SOURCE DATA:
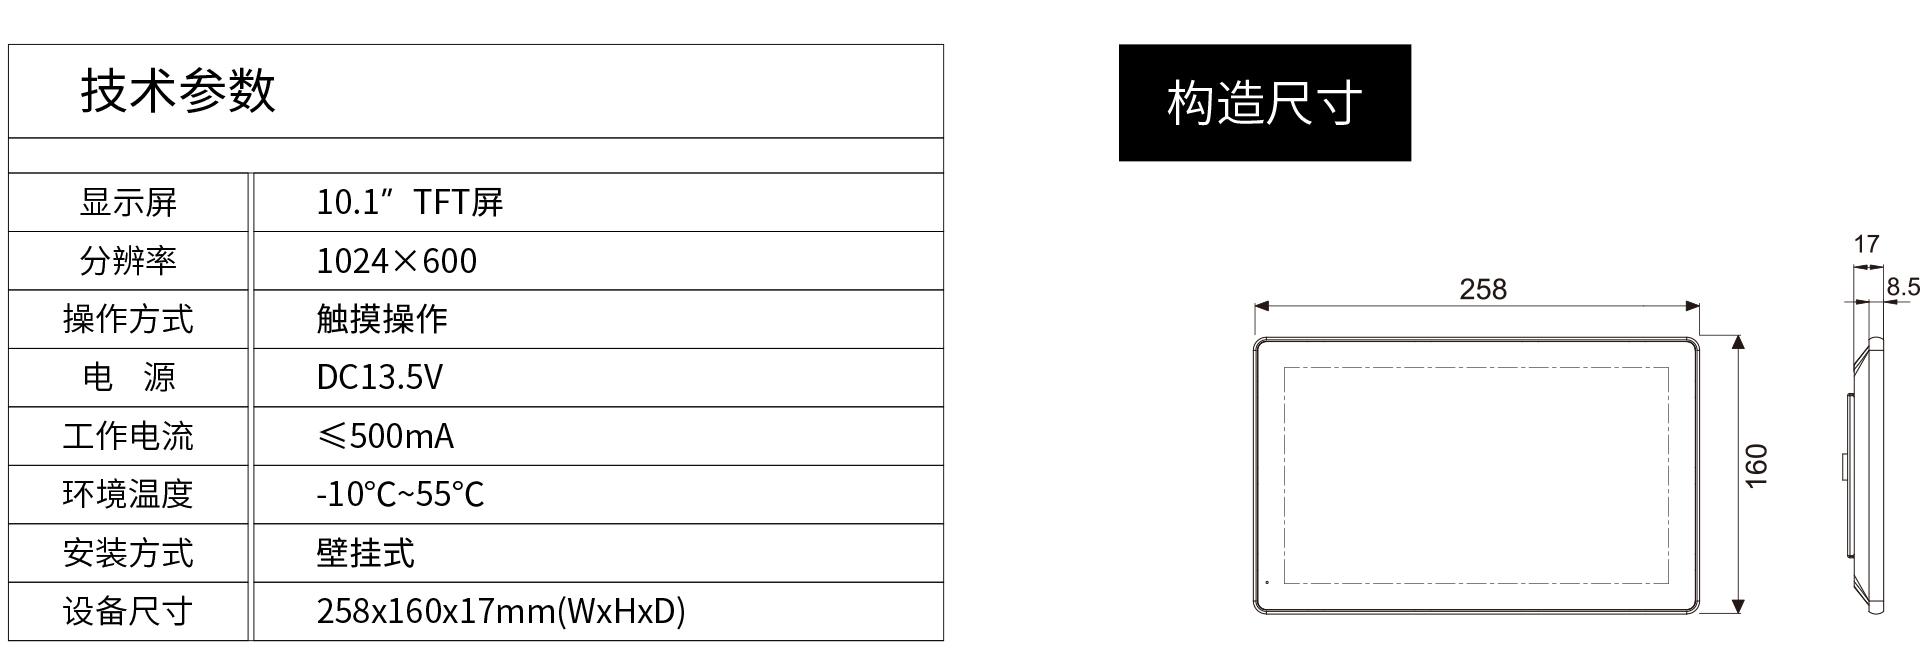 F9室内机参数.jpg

...

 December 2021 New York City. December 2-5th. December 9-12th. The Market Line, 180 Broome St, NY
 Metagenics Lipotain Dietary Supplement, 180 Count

EXERCISE GOAL: From the line that has "December 2021 New" through the line that has "Metagenics Lipotain Dietary", copy every line exactly as it appears above, and leave out all others.

EXERCISE RESULT:
 December 2021 New York City. December 2-5th. December 9-12th. The Market Line, 180 Broome St, NY
 Metagenics Lipotain Dietary Supplement, 180 Count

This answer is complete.